**WHAT TO WORK ON**
Every line of the material below needs to be copied exactly; omit the pictures.

**DATA SEGMENT**
▬▬▬▬▬▬▬▬▬▬

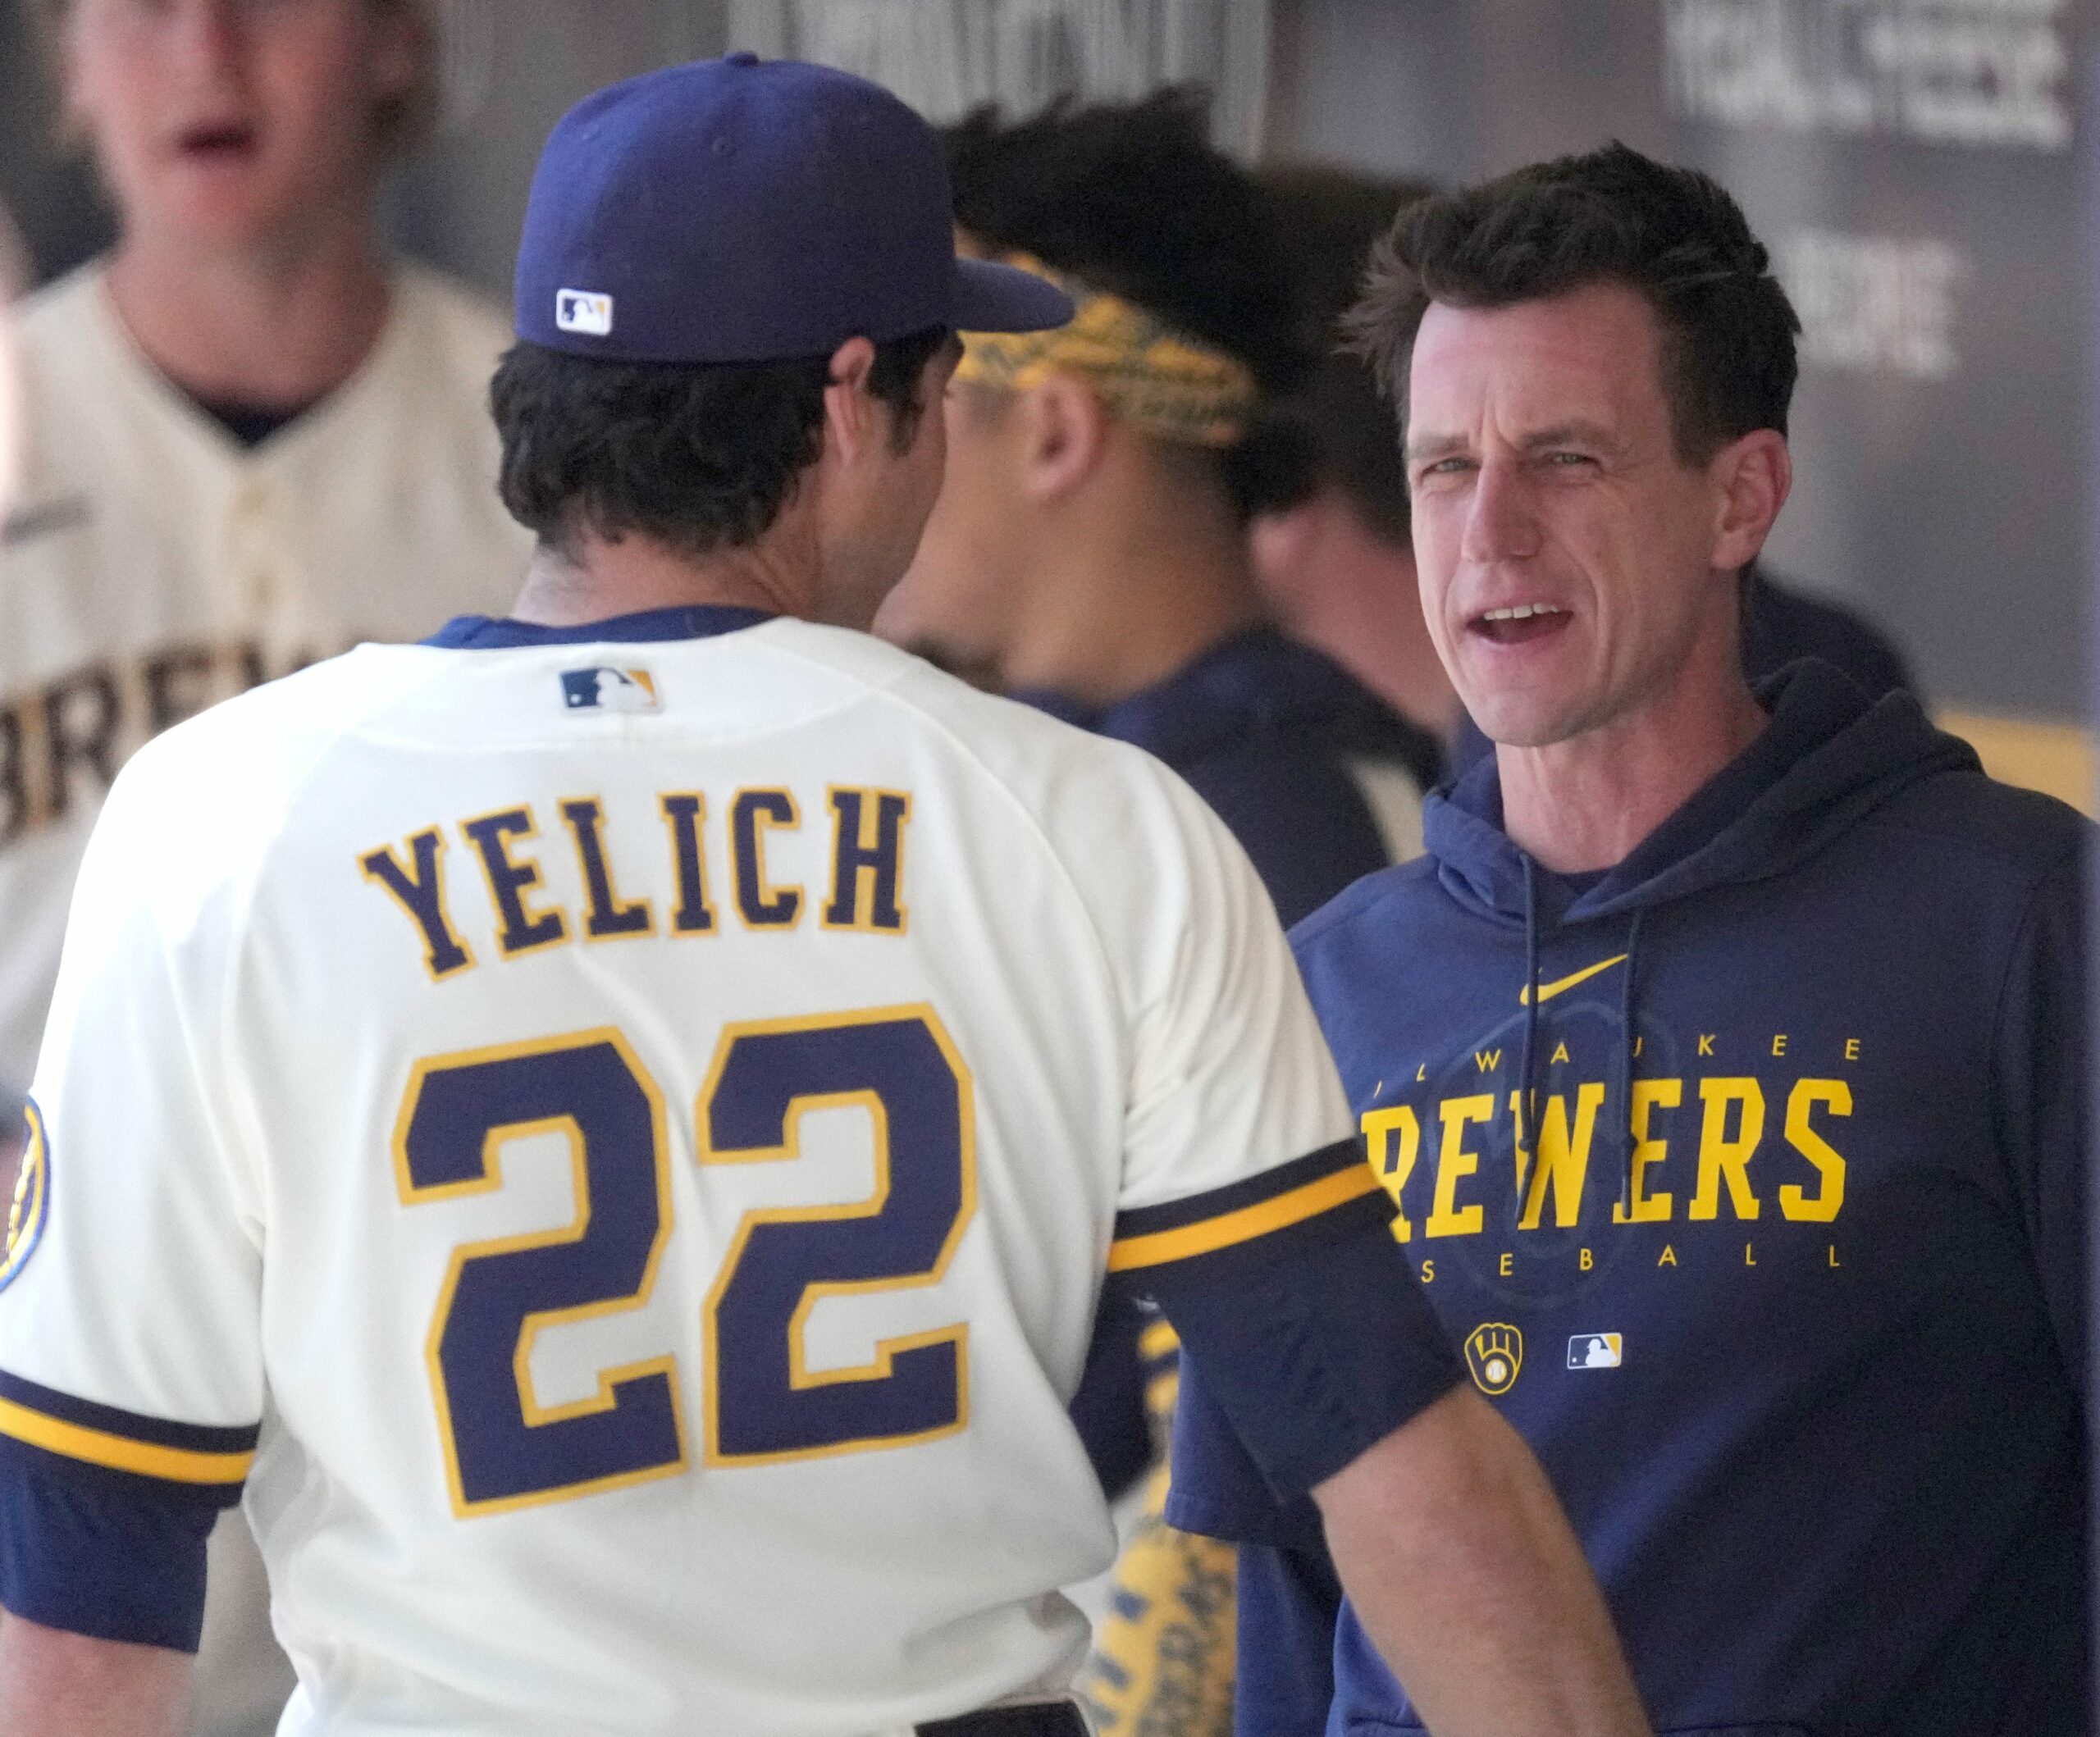 Brewers manager Craig Counsell
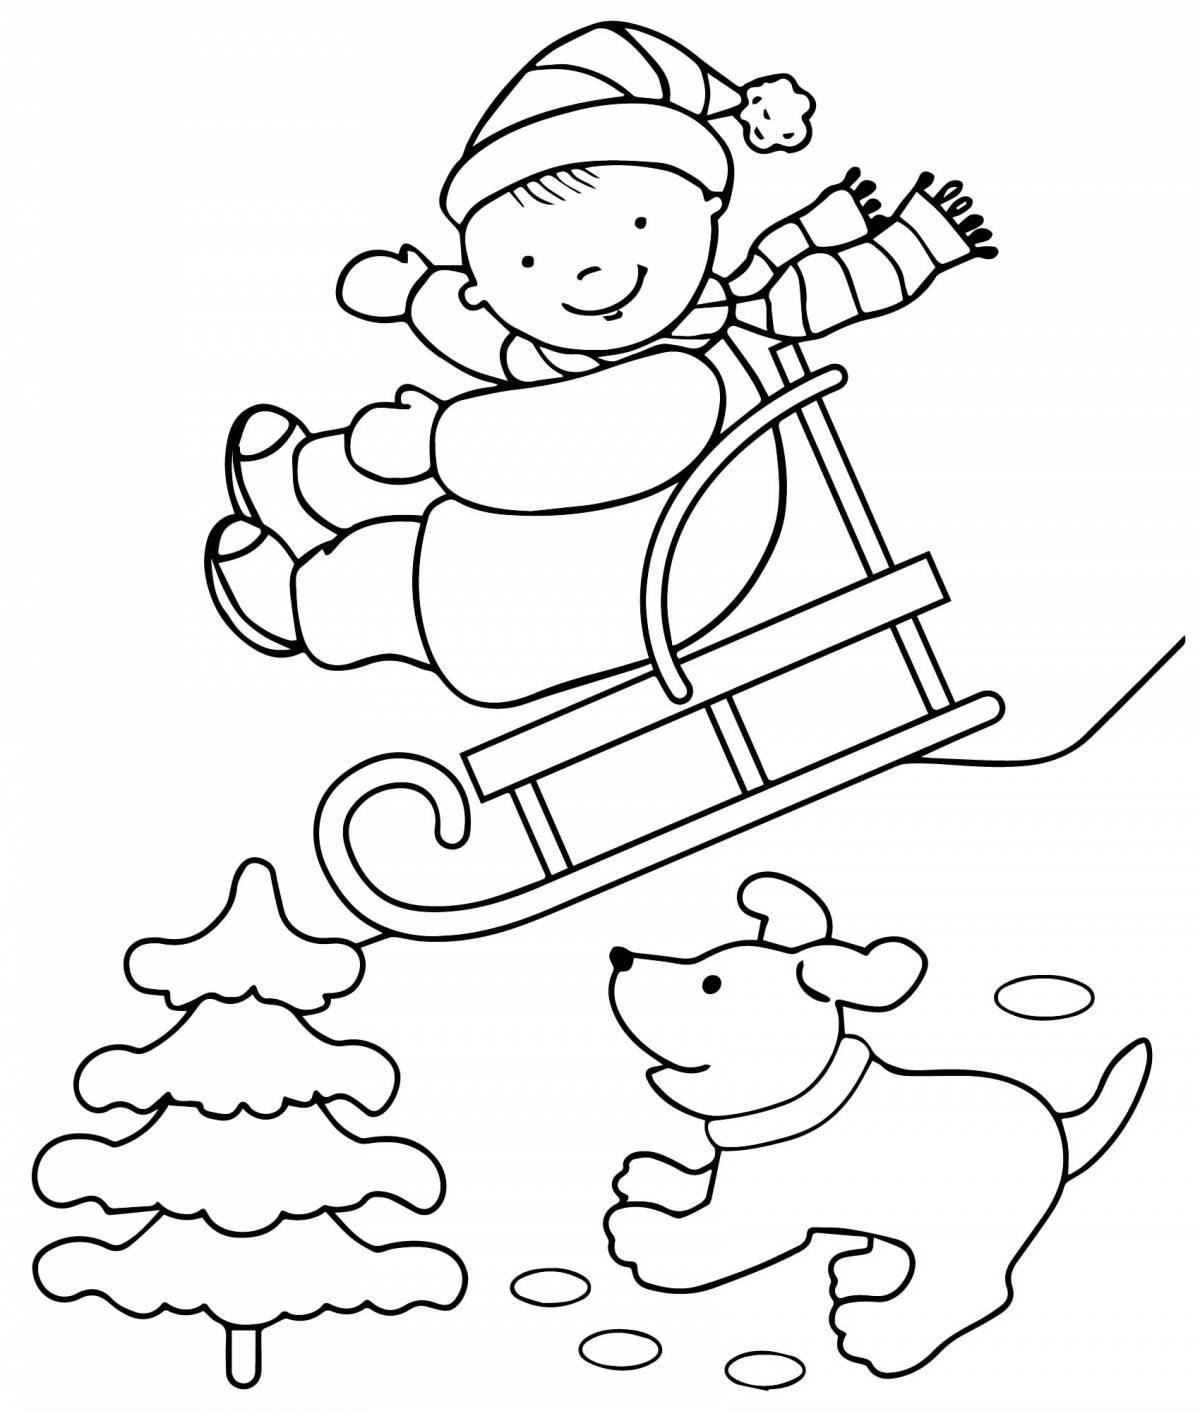 Holiday sleigh coloring book for 3-4 year olds
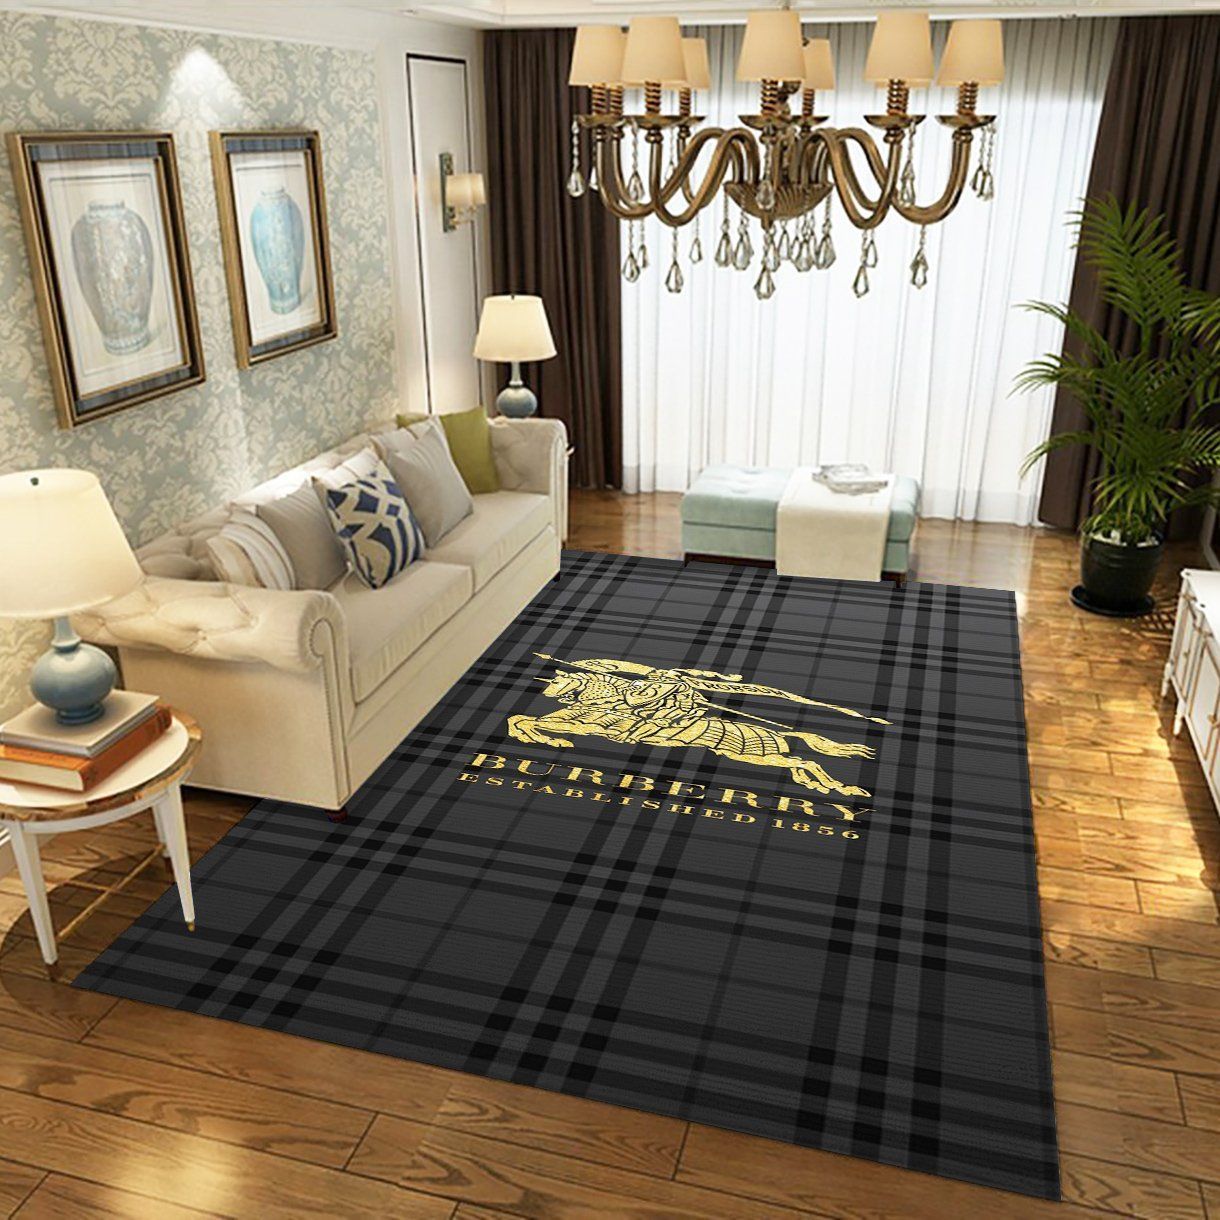 Burberry Luxury Brand 3 Area Rug Living Room And Bedroom Rug Us Gift Decor VH3

▬▬▬▬▬▬▬▬▬▬

**TASK RESULT**
 Brewers manager Craig Counsell
 Holiday sleigh coloring book for 3-4 year olds
 Burberry Luxury Brand 3 Area Rug Living Room And Bedroom Rug Us Gift Decor VH3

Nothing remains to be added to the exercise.